One element in the draft bill that some Republicans said that they did not support was funding. While the 2006 reauthorization law included authorization levels for each of the three fiscal years that the bill was renewed for, the new draft legislation includes “such sums as necessary” language. This language would allow appropriators to decide the funding amounts that may be necessary for each of the fiscal years.
HIV/AIDs organizations that support the clause believe that it will allow for the HIV needs to be better met. “The Ryan White Program has been seriously underfunded for many years and many grantees are struggling to provide the necessary services to all those that are in need,” according to Julie Scofield, who testified on behalf of the National Alliance of State and Territorial AIDS Directors.
Republicans on the committee, however, said that specific funding amounts should be stipulated in the reauthorization bill, rather than using the “such sums as necessary” language. “In a period of increasing deficits and national debt, it is hard for us to go back and say ‘blank check.’ It would be much better if we did some analysis, ‘saying here is the population, here is the need, and here is the amount we need,’” said Illinois Republican Rep John Shimkus.

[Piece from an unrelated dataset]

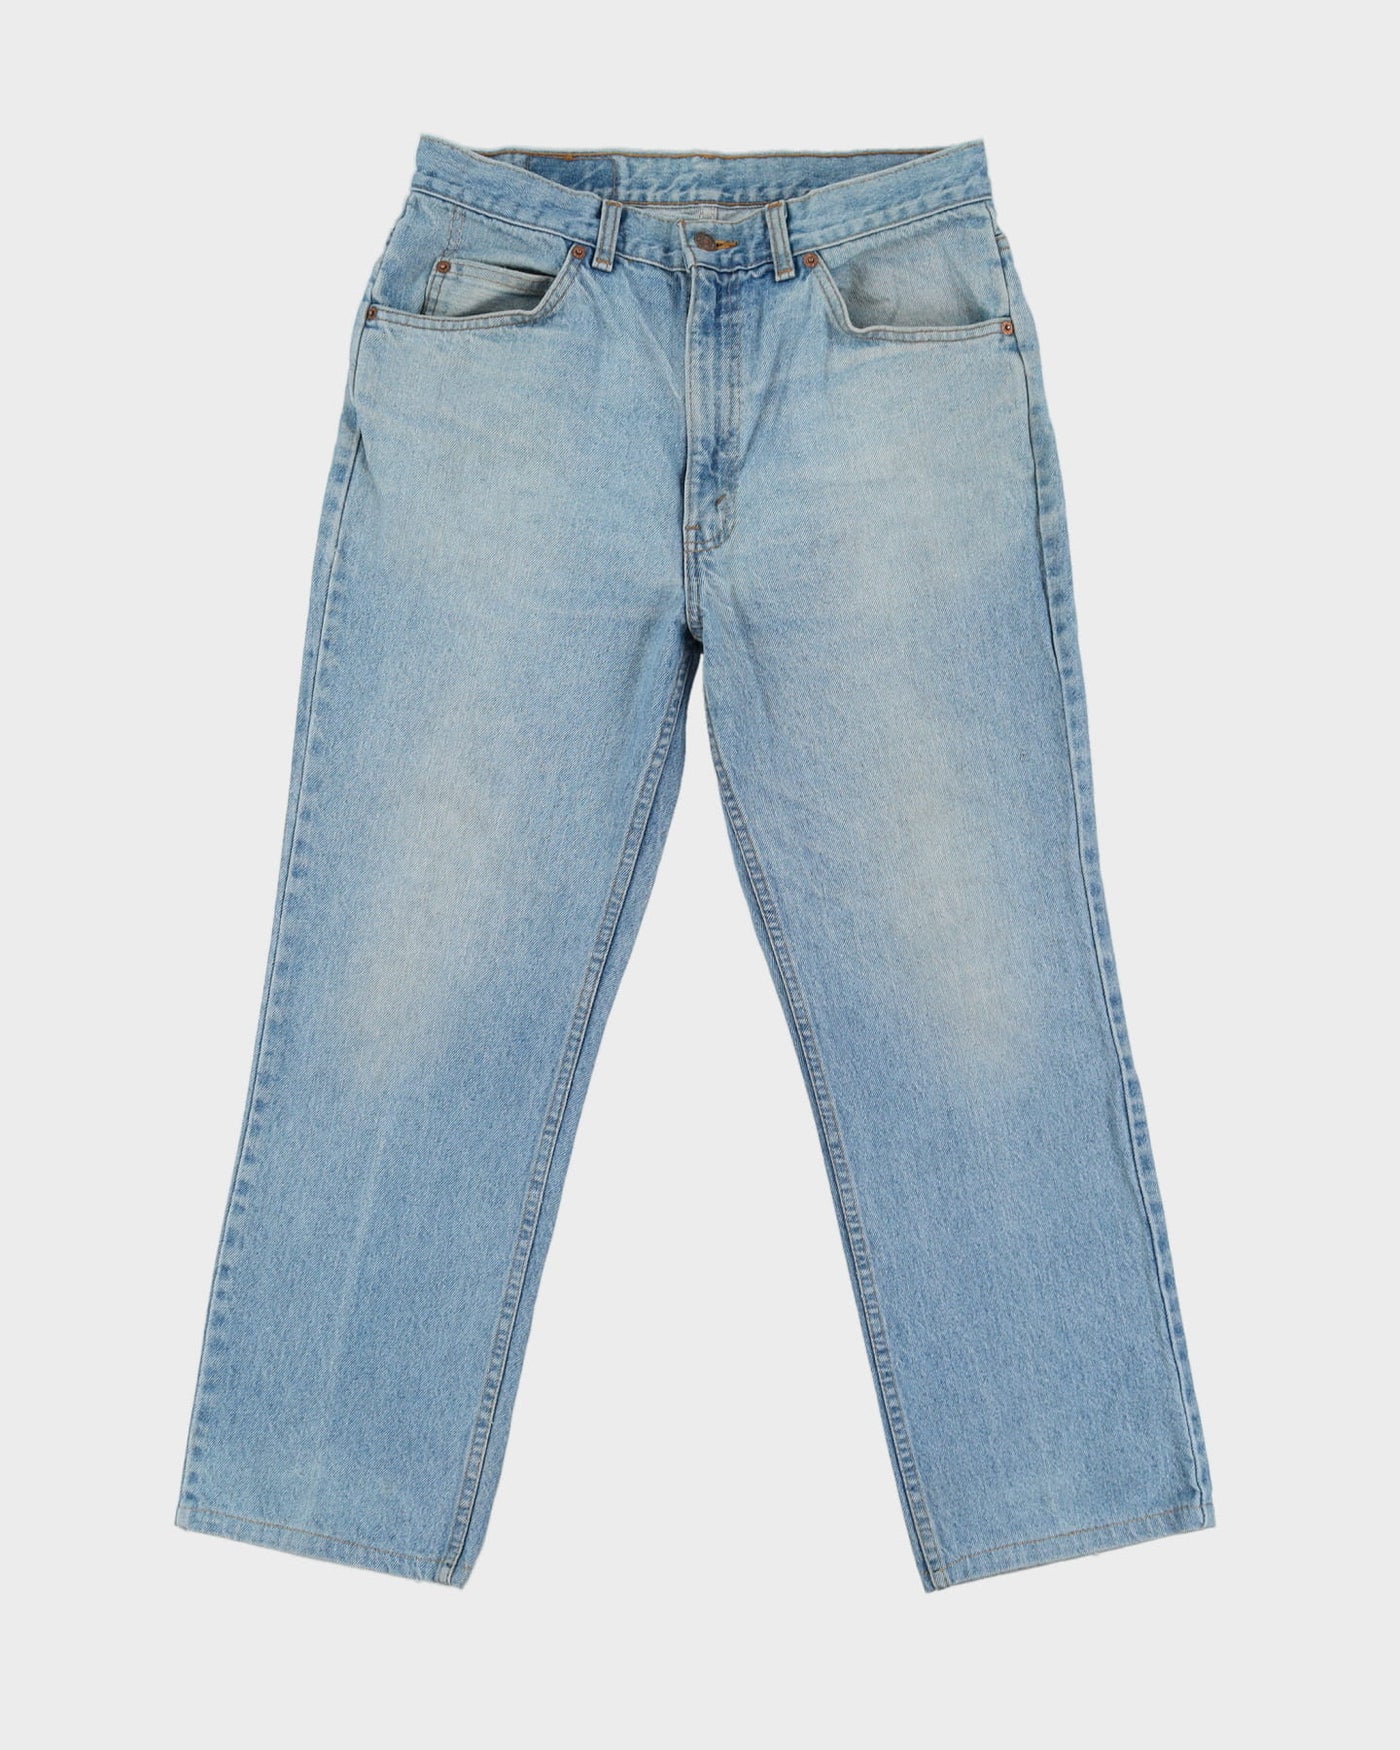 Vintage 80s Levi's Orange Tab Medium Wash Blue Jeans - W33 L27

Funding Transitional Grant Areas
Another area of disagreement among some lawmakers is over funding for “transitional grant areas.” When the bill was last reauthorized in 2006, Congress divided funding into two separate categories—Emerging Metropolitan Areas and Transitional Grant Areas. TGAs are jurisdictions with at least 1,000, but fewer than 2,000 cumulative AIDS cases, during the prior five calendar years.
Currently, there are 6 TGAs that potentially will lose their eligibility in fiscal year 2011 because they have decreasing numbers of AIDS cases. The draft bill would prevent their loss of eligibility by extending the TGA status for three years to all TGAs that previously received an award.
Some Republicans expressed concern about providing TGAs funding that do not meet eligibility. “There has always been this process that there is this 3-year grant period and then they would be re-evaluated. So, that doesn’t concern you that other areas may be underserved because you are going to allow these[6]TGAsto be grandfathered?”RepEdWhitfield, R-Texas, askedHRSAAdministrator Mary K Wakefield, PhD, RN, who testified before the subcommittee.
Wakefield told the subcommittee that the administration supports the provision to extend TGA status. She said that a loss of funding for these areas could potentially result in “destabilization of HIV care delivery systems, significant reductions in essential services and neighboring jurisdictions being burdened with an influx of new or displaced patients from former TGAs.”
Hold Harmless
The 2006 reauthorization of the Ryan White program mandated that funding for states and local jurisdictions be determined by the number of people living with HIV and AIDS. Previously, funding was determined by estimating the number of people living with AIDS and did not account for HIV cases.
This new formula meant that some states would be eligible for more funding than they had been under the old formula, since HIVcases would now be taken into account. It also meant that some states with large urban areas that have grappled with AIDS would potentially lose some of their funding under the new formula. As a compromise, Congress included a “hold harmless” provision in the 2006 reauthorization that would prevent the new formula from significantly reducing the overall funding for states that might be lose funding under the new formula. The 2009 draft bill keeps this hold harmless provision.